『拾われた男』は最高の“敗者”たちの物語 愛とエネルギーに溢れた脚本・演出・役者たち

 ドラマの“紅白歌合戦”かと思った。

拾われた男

 しょっぱなから有村架純や柄本明が本人役で出てくるわ、風間杜夫は太巻き食べてゲホゲホむせるわ、薬師丸ひろ子は事務所の社長役で登場するわでとんでもないことになっている。俳優・松尾諭の自伝的エッセイをドラマ化した『拾われた男』(NHK BSプレミアム/ディズニープラス)のことである。

 兵庫で生まれ育った松戸諭(仲野太賀)はたまたま観た舞台に憧れ、同級生・杉田(大東駿介)を頼って上京。杉田やその彼女・ヨシコ(岸井ゆきの)らと同居し、劇団のオーディションを受けるがあえなく不合格。そんな中、たまたま航空券を拾い、「良かったらオーディションの結果を教えて」と言われていたモデル事務所社長・山村(薬師丸ひろ子)のことを思い出し、面接後“癒し系女優”が看板の事務所に所属することに。諭は渋谷のレンタルビデオ店で濃すぎる仲間とバイトしながら俳優になる夢を追う。

 と書くと、なにやらバイプレイヤーとして確固たる地位を築いた俳優の青春サクセスストーリーと思われるかもしれないが、本作はそう簡単にカテゴライズできない。なんせ毎回、画面からとんでもないカウンターパンチが繰り出されるのだ。

 第3話で事務所の看板俳優・井川遥(本人役)の運転手兼ボディガードとなった諭は、さまざまな現場に帯同し、自らも小さい役ながら俳優としての仕事を得るようになる。通常ならば諭の失敗とそれを乗り越える過程が展開するわけだが、脚本の足立紳はそんな予想を裏切るように7歩先の世界を描く。この回では俳優や演技について、4人のキャラクターにフォーカスがあてられた。

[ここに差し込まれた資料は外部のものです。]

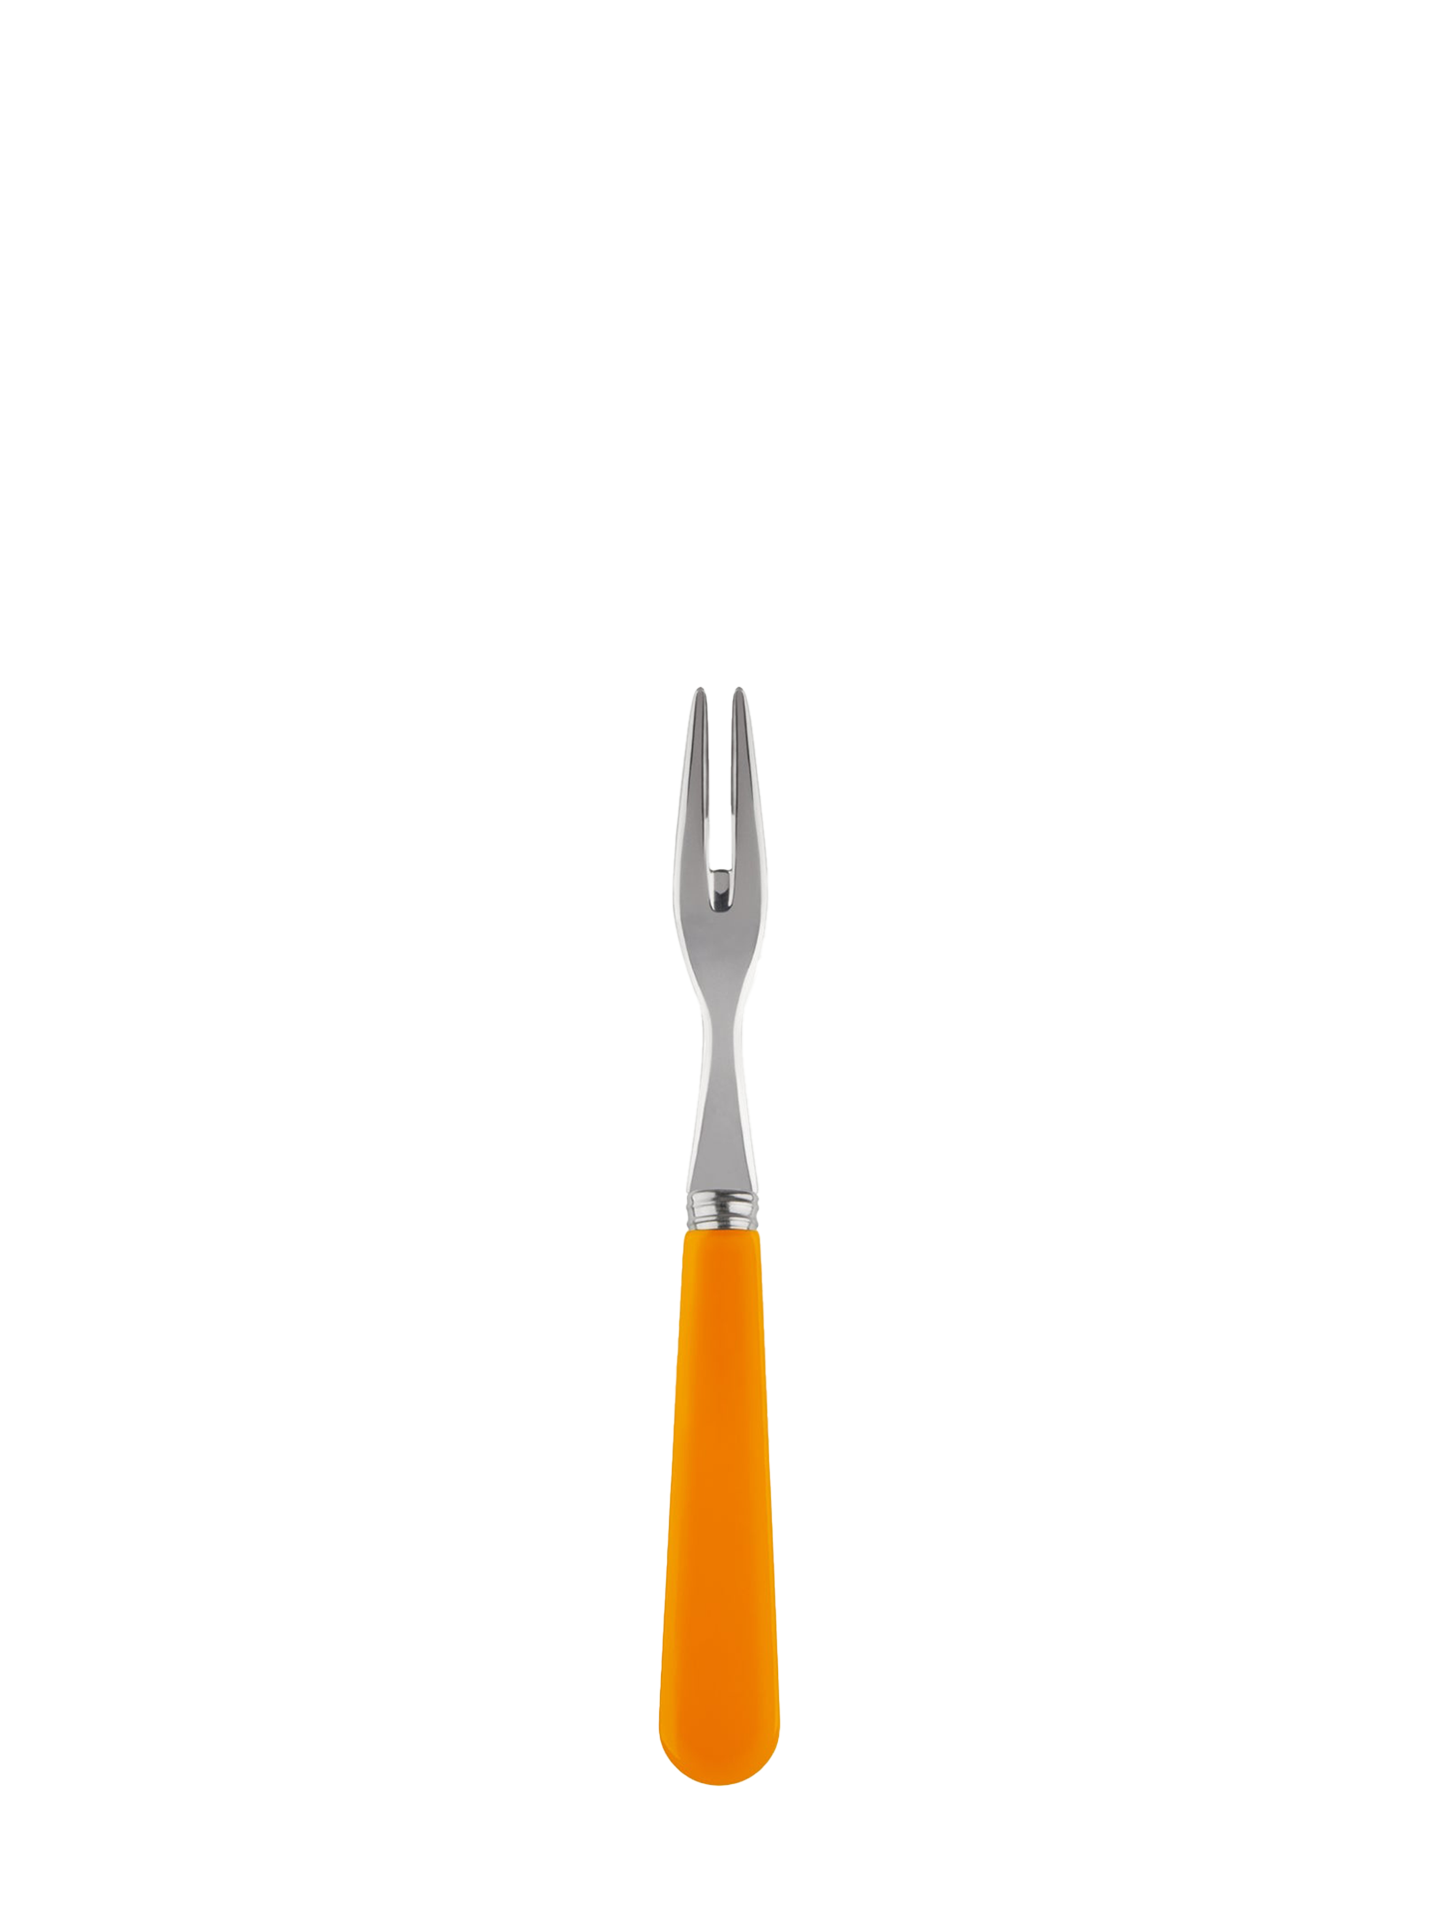 The bright orange cocktail fork from the Duo series by Sabre Paris is summer's must-have!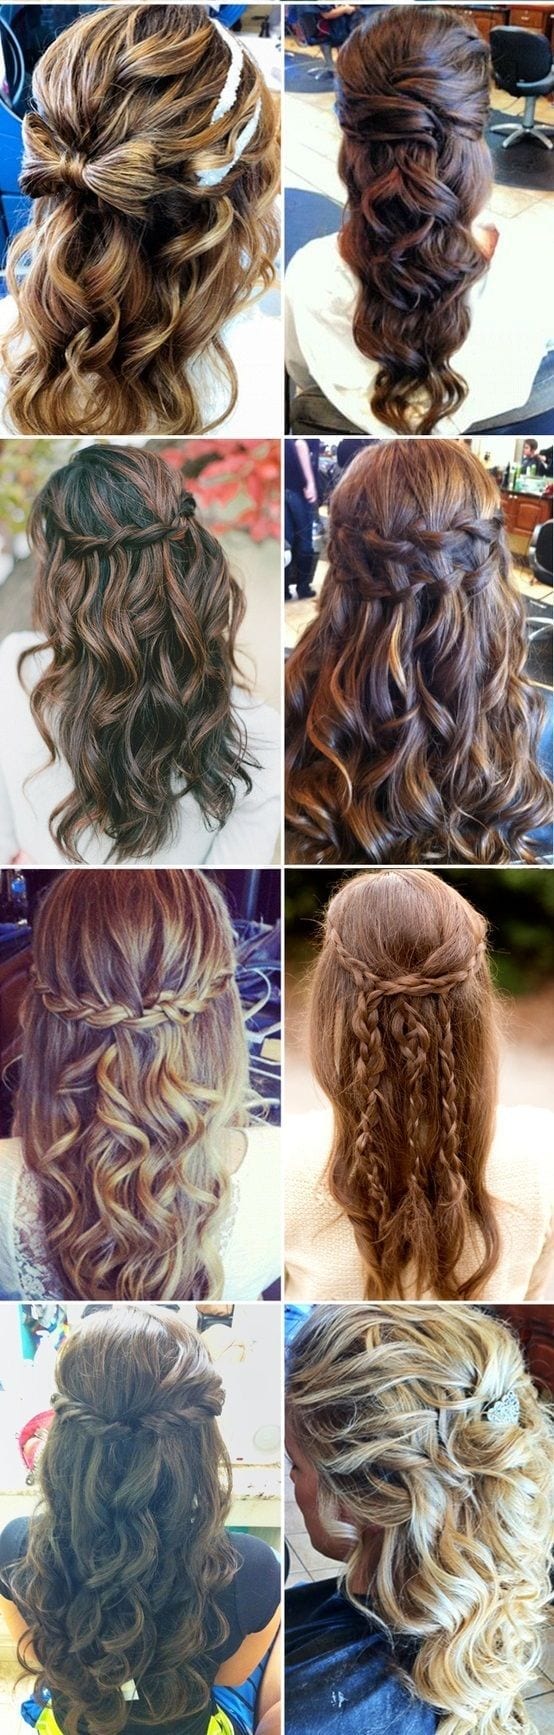 winter hairstyles for college girls (1)

 2002年、当時“癒し系”として世を席巻していた井川遥。街は彼女の看板で溢れ、スケジュールは分刻み。が、井川自身は映像の現場に行っても役を深めることより“癒し系”の立ち位置を求められることに疑問を感じている。怒っている場面のはずなのに、監督からは小首をかしげるように言われ、やんわり抗議しても取り合ってもらえない。そんな彼女が憧れるのは“白熱系”の女子プロレスラーたちだ。

 諭はそうした井川の葛藤にまったく気付かず、運転手や付き人として現場で差し入れを配り、移動の車中で彼女が好きな音楽をかけお菓子を食べる。受刑者その1的な役をもらった撮影では、同郷の中堅俳優と仲良くなって他の俳優が担うはずだった殴られ役を貰ってしまい、顔のアップをしっかり抜かれる。ずっと準備をしてきたにもかかわらず、諭に役を取られた若手俳優(岩男海史)は撮影終了後に悔しさを噛みしめ、吐き出すように言う。「芝居、全然だめだから。あんな表情、通用しないから」。

 井川や諭が所属するモデルエージェンシーでは、社長の意向でロンドン帰りの講師・平山(北村有起哉)による演技の授業が行われていた。シェイクスピアを題材にした『荒武者ピラス』のせりふを肉体訓練とともに語るのだが、モデルや俳優の卵たちにはまったく意味が分からない。やっと演技について悩むようになった諭に対し、平山はストレッチをしながら自問するように語る。「意味があるのか知らねえよ、ロンドンでさんざんやらされてただけだ。でもなあ、俺の支えにはなってる」。

 売れていてもそのイメージにからめとられ、“白熱系”になれない井川。運でここまできて、やっと芝居と向き合うようになった諭。実力とは違うところで役を取られた若手俳優。そして輝くかどうかわからないバトンを若い俳優志望者たちに手渡そうとする平山。それぞれの視点で俳優や演技についてのストーリーがうねり、人間関係が動いていく。終盤、狭いアパートでプロレス大会が始まり、有名レスラーの入場曲が流れる中、諭と井川が『荒武者ピラス』のヘンテコなせりふを叫ぶさまは、カオスであり明日への希望だった。